▶ [Data section]

=== Section Start ===

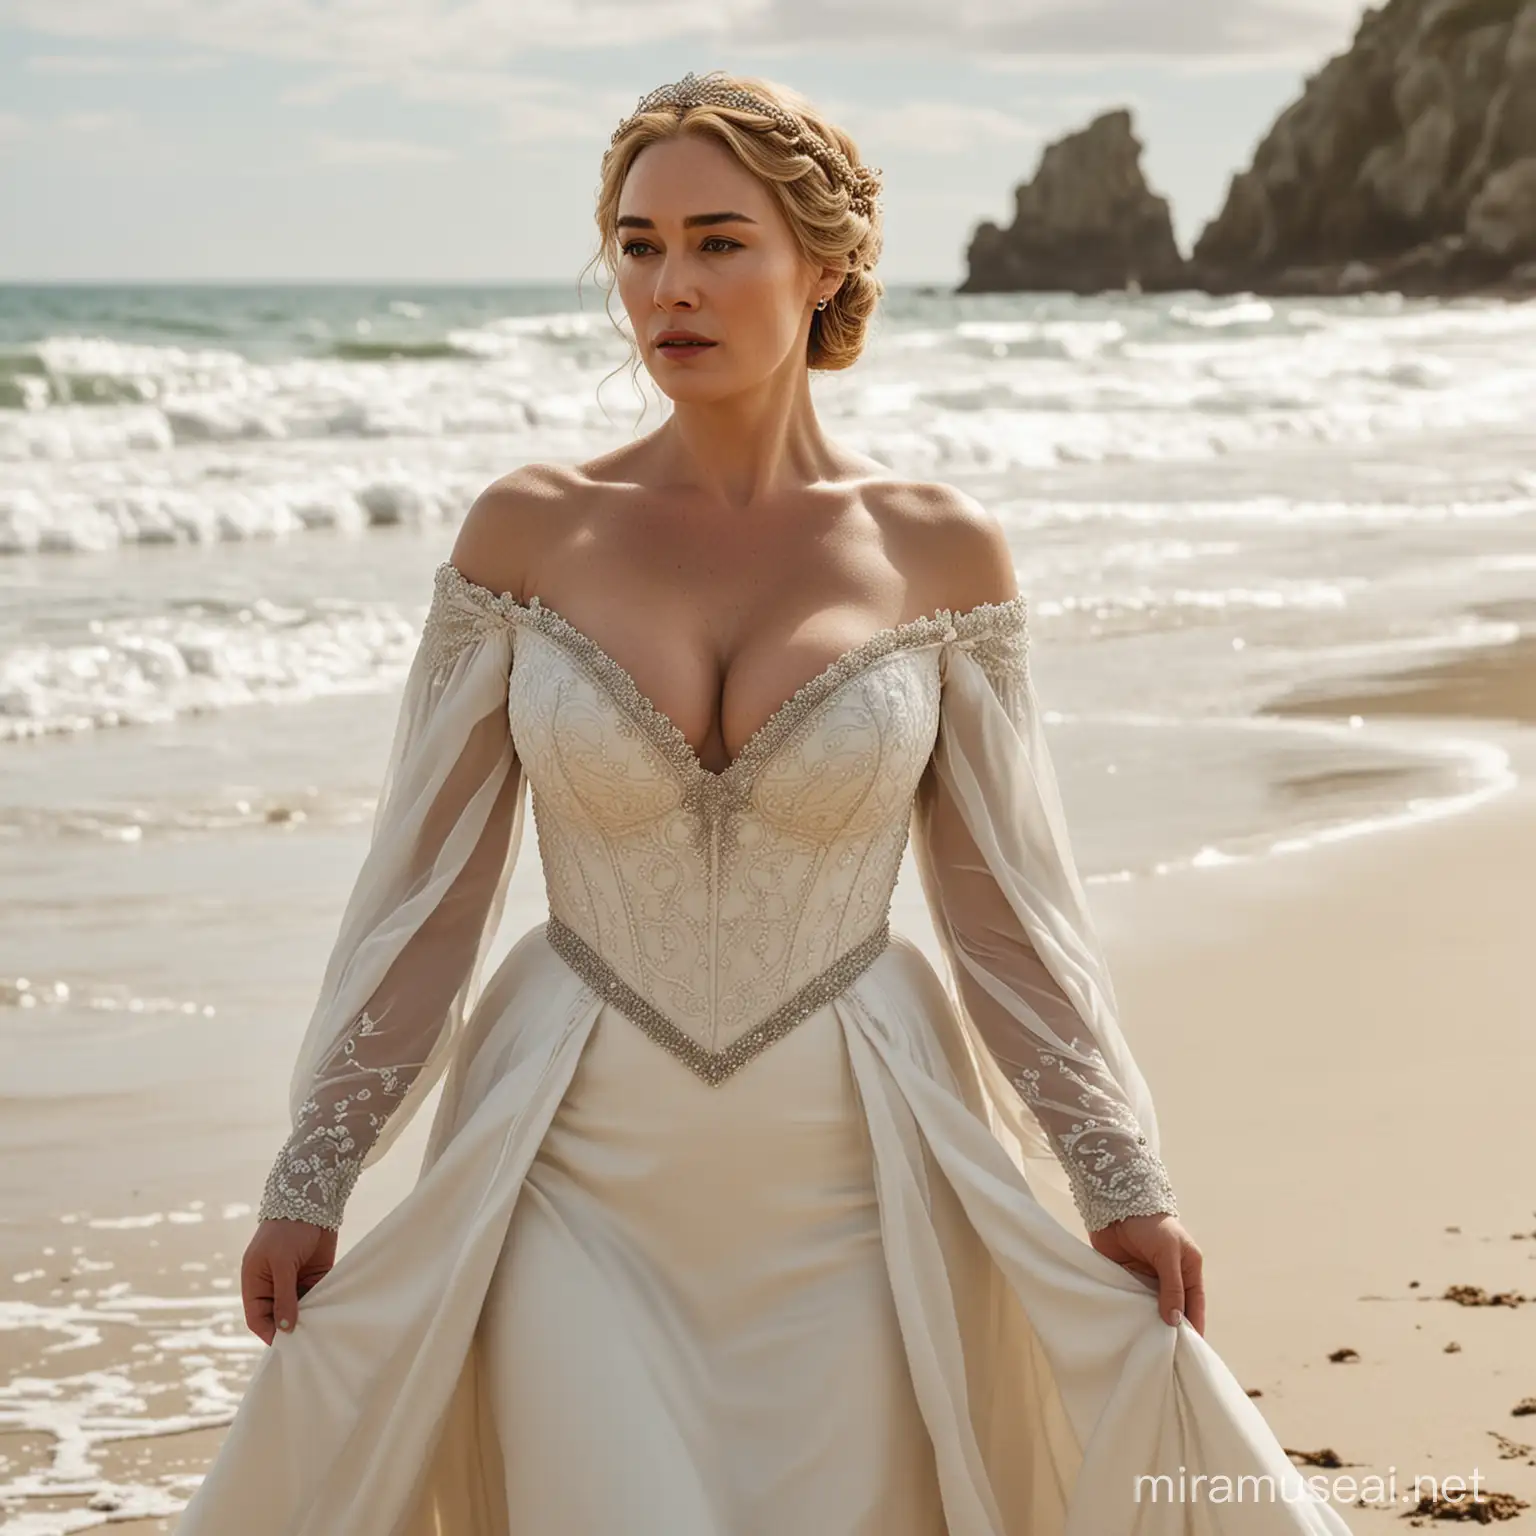 Cersei Lannister White Wedding Dress Beach Portrait with Bold Curves
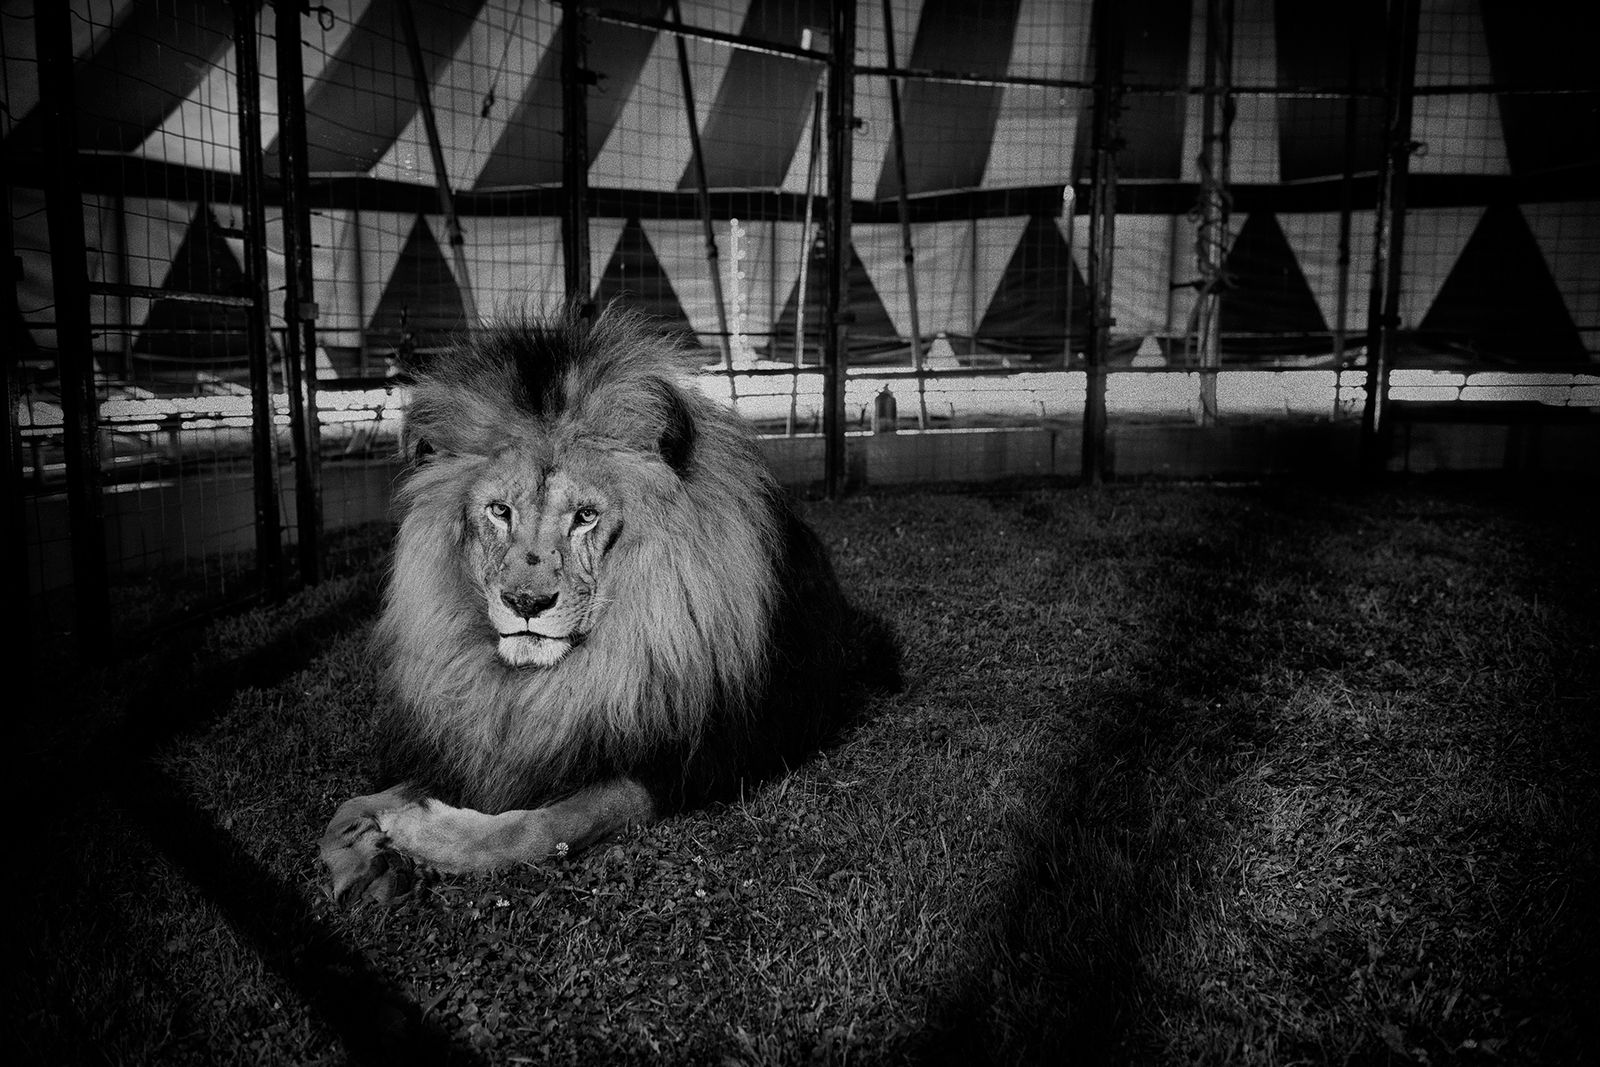 © Lieh Sugai - Francis rests in the arena before the show. The circus has three big cats, all born in captivity.
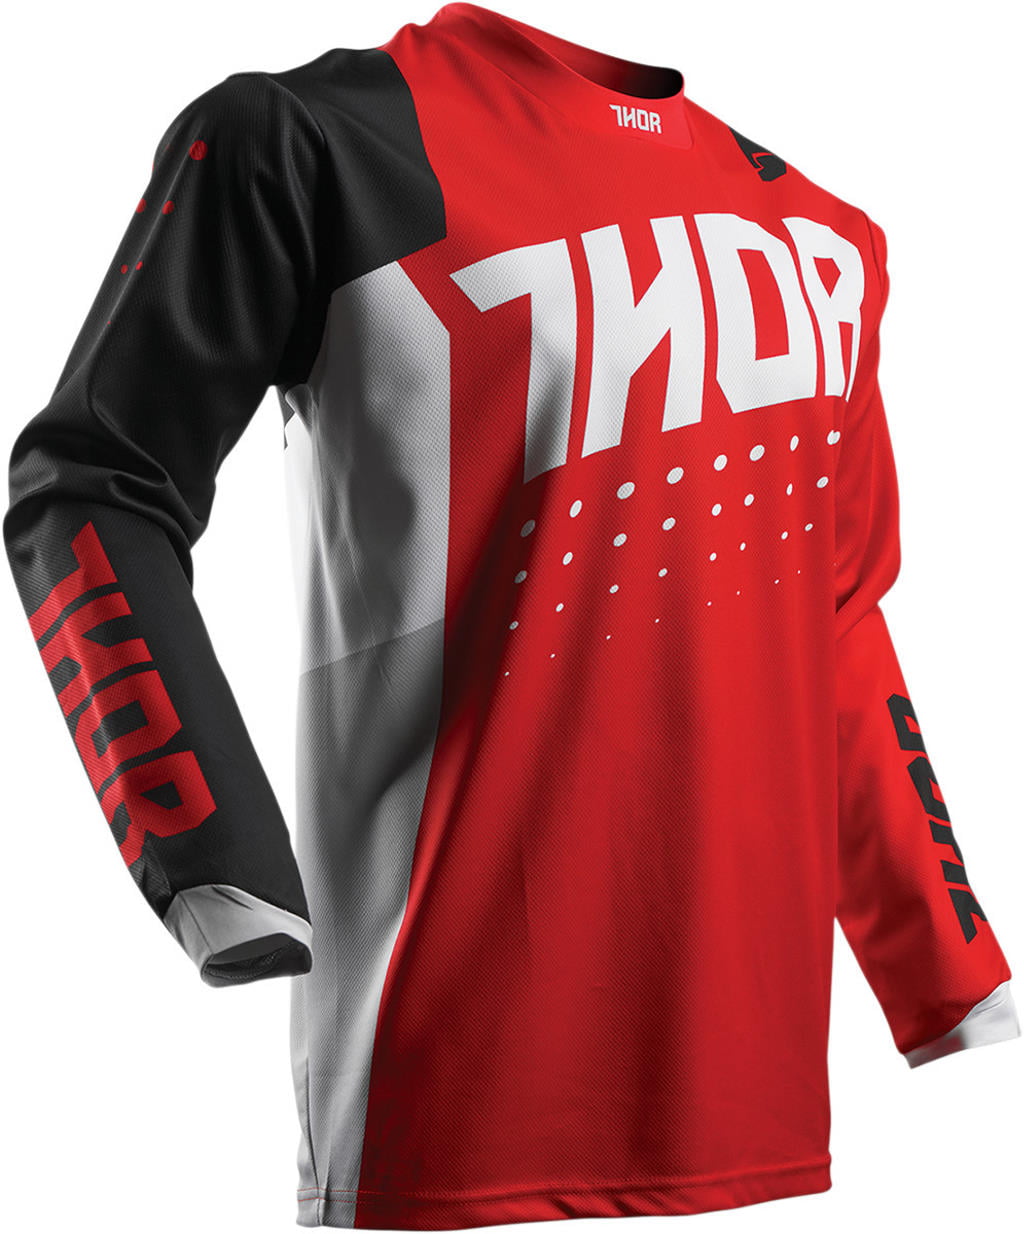 Thor Riding Race MX Motocross Youth Jersey S7Y Pulse Aktiv White/Black Small

=== Section End ===

▶ [Work request] Starting at the line that holds "born in captivity.", repeat every line through the end of the listing exactly as written, skipping any picture.

▶ [Written response]
 © Lieh Sugai - Francis rests in the arena before the show. The circus has three big cats, all born in captivity.
 Thor Riding Race MX Motocross Youth Jersey S7Y Pulse Aktiv White/Black Small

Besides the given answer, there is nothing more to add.